In four spacetime dimensions, N = 8 supergravity is the most symmetric quantum field theory which involves gravity and a finite number of fields. It can be found from a dimensional reduction of 11D supergravity by making the size of seven of the dimensions go to zero. It has eight supersymmetries, which is the most any gravitational theory can have, since there are eight half-steps between spin 2 and spin −2. (The spin 2 graviton is the particle with the highest spin in this theory.) More supersymmetries would mean the particles would have superpartners with spins higher than 2. The only theories with spins higher than 2 which are consistent involve an infinite number of particles (such as String Theory and Higher-Spin Theories). Stephen Hawking in his Brief History of Time speculated that this theory could be the Theory of Everything. However, in later years this was abandoned in favour of string theory. There has been renewed interest in the 21st century, with the possibility that this theory may be finite.

Calculations
It has been found recently that the expansion of N = 8 supergravity in terms of Feynman diagrams has shown that N = 8 supergravity is in some ways  a product of two N = 4 super Yang–Mills theories. This is written schematically as:

 N = 8 supergravity = (N = 4 super Yang–Mills) × (N = 4 super Yang–Mills)

This is not surprising, as N = 8 supergravity contains six independent representations of N = 4 super Yang–Mills.

Particle content
The theory contains 1 graviton (spin 2), 8 gravitinos (spin 3/2), 28 vector bosons (spin 1), 56 fermions (spin 1/2), 70 scalar fields (spin 0) where we don't distinguish particles with negative spin. These numbers are simple combinatorial numbers that come from Pascal's Triangle and also the number of ways of writing n as a sum of 8 nonnegative cubes A173681.

One reason why the theory was abandoned was that the 28 vector bosons which form an O(8) gauge group is too small to contain the standard model U(1) x SU(2) x SU(3) gauge group, which can only fit within the orthogonal group O(10).

For model building, it has been assumed that almost all the supersymmetries would be broken in nature, leaving just one supersymmetry (N = 1), although nowadays because of the lack of evidence for N = 1 supersymmetry higher supersymmetries are now being considered such as N = 2.

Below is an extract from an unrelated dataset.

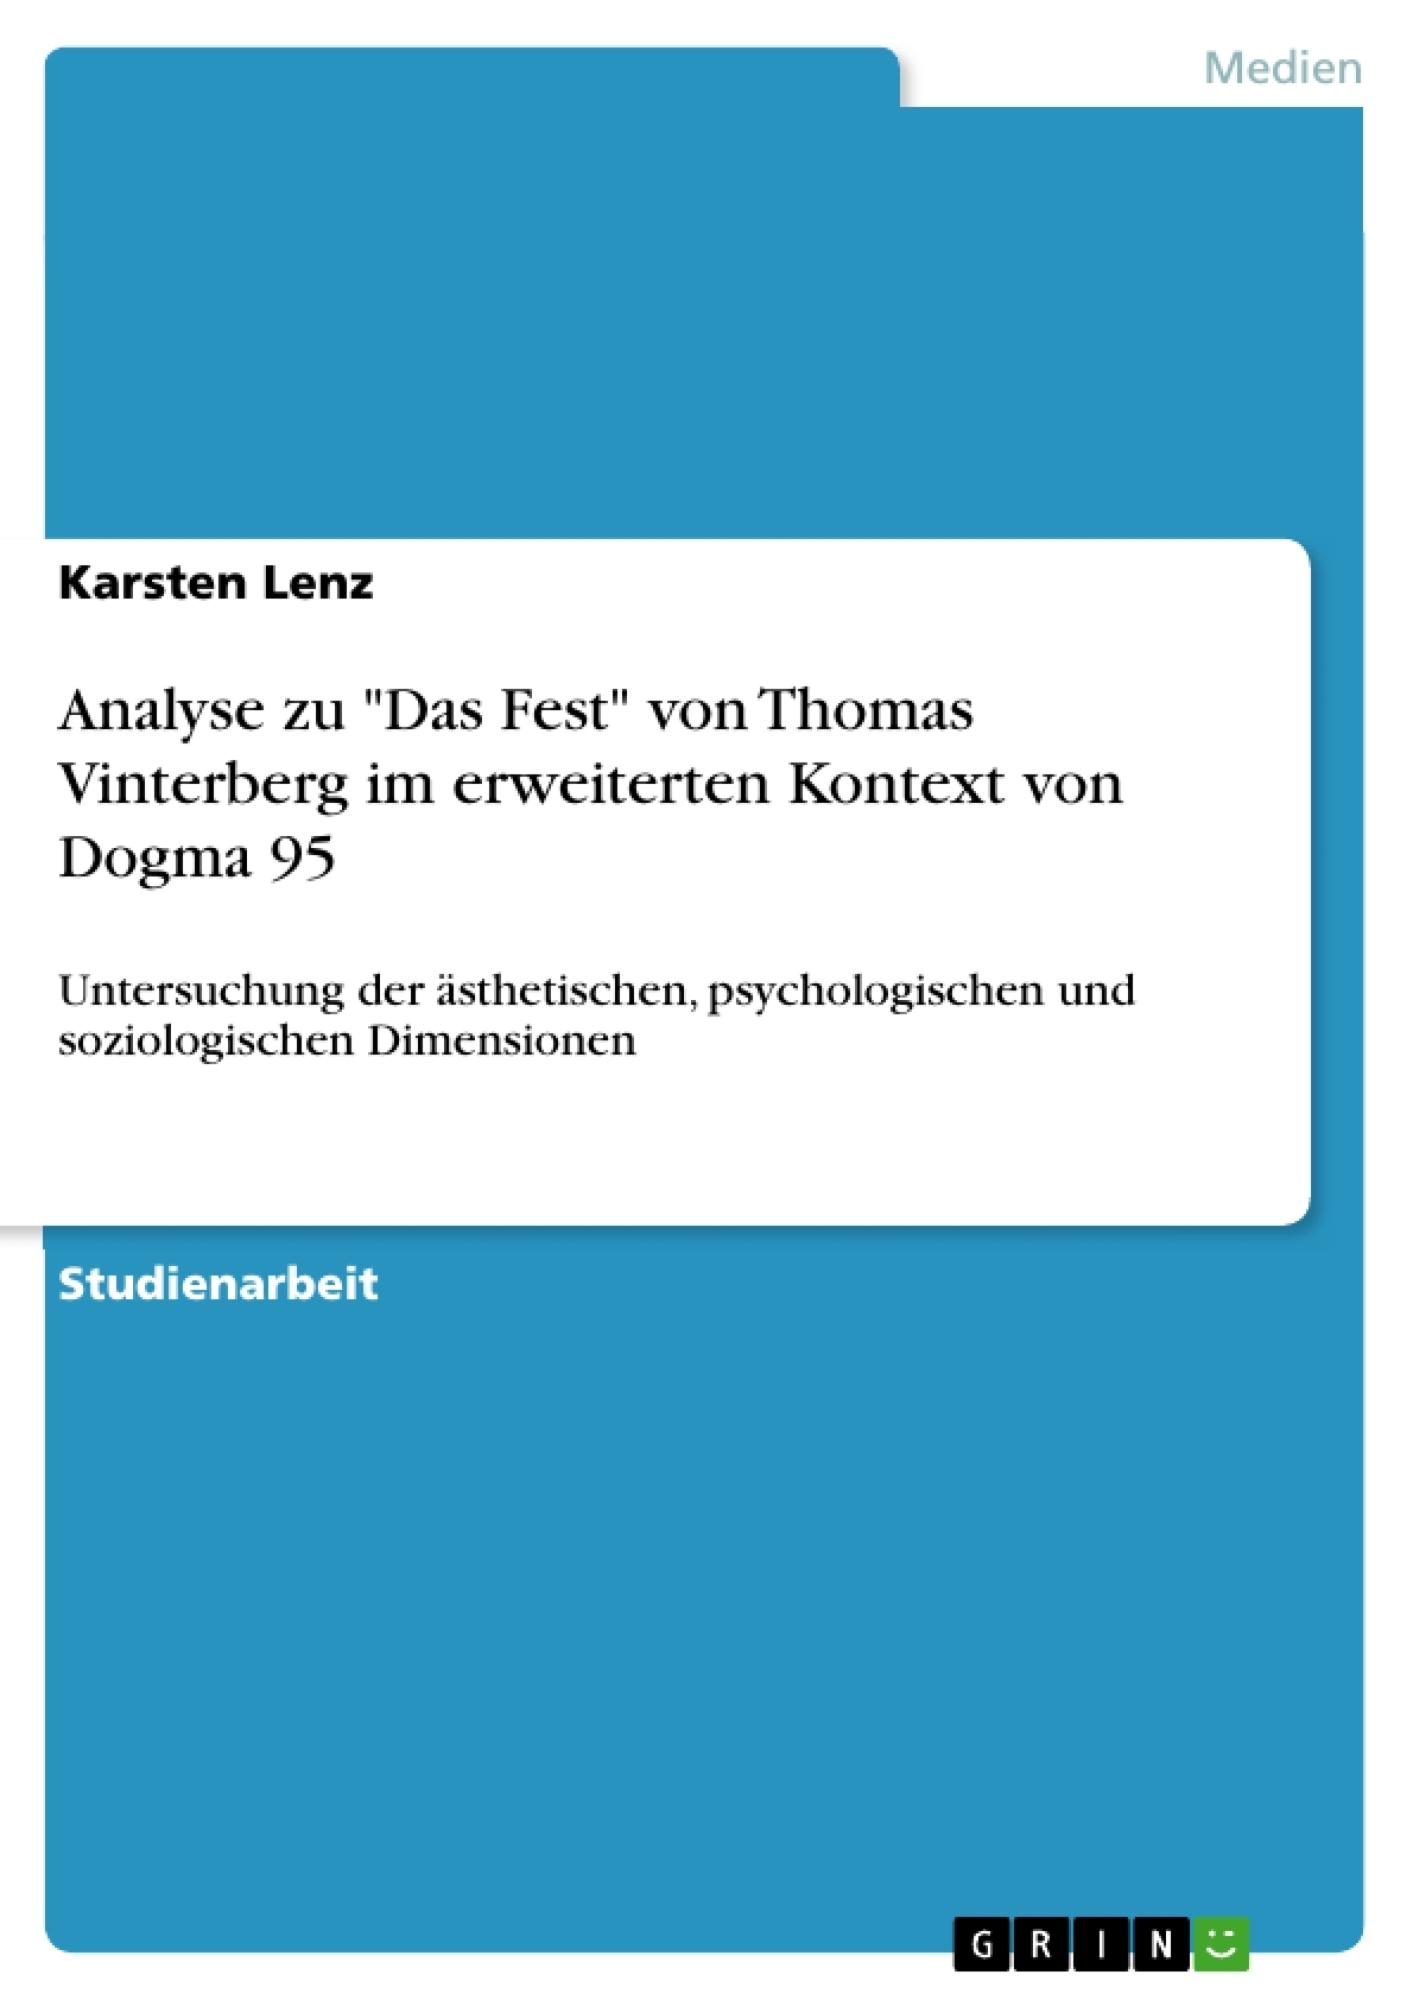 """Titel: Analyse zu """"Das Fest"""" von Thomas Vinterberg im erweiterten Kontext von Dogma 95"""

Connection with superstring theory
N = 8 supergravity can be viewed as the low-energy approximation of the type IIA or type IIB superstring with 6 of its dimensions compactified on a 6-torus. Equivalently, it may also be viewed as 11D M-theory with seven of its dimensions compactified on a 7-torus.

Global symmetries
Some surprising global symmetries have been found in this theory. For example, it has been shown that there is an E7 global symmetry but in order for the theory to be finite it is thought that there may be other symmetries not yet found.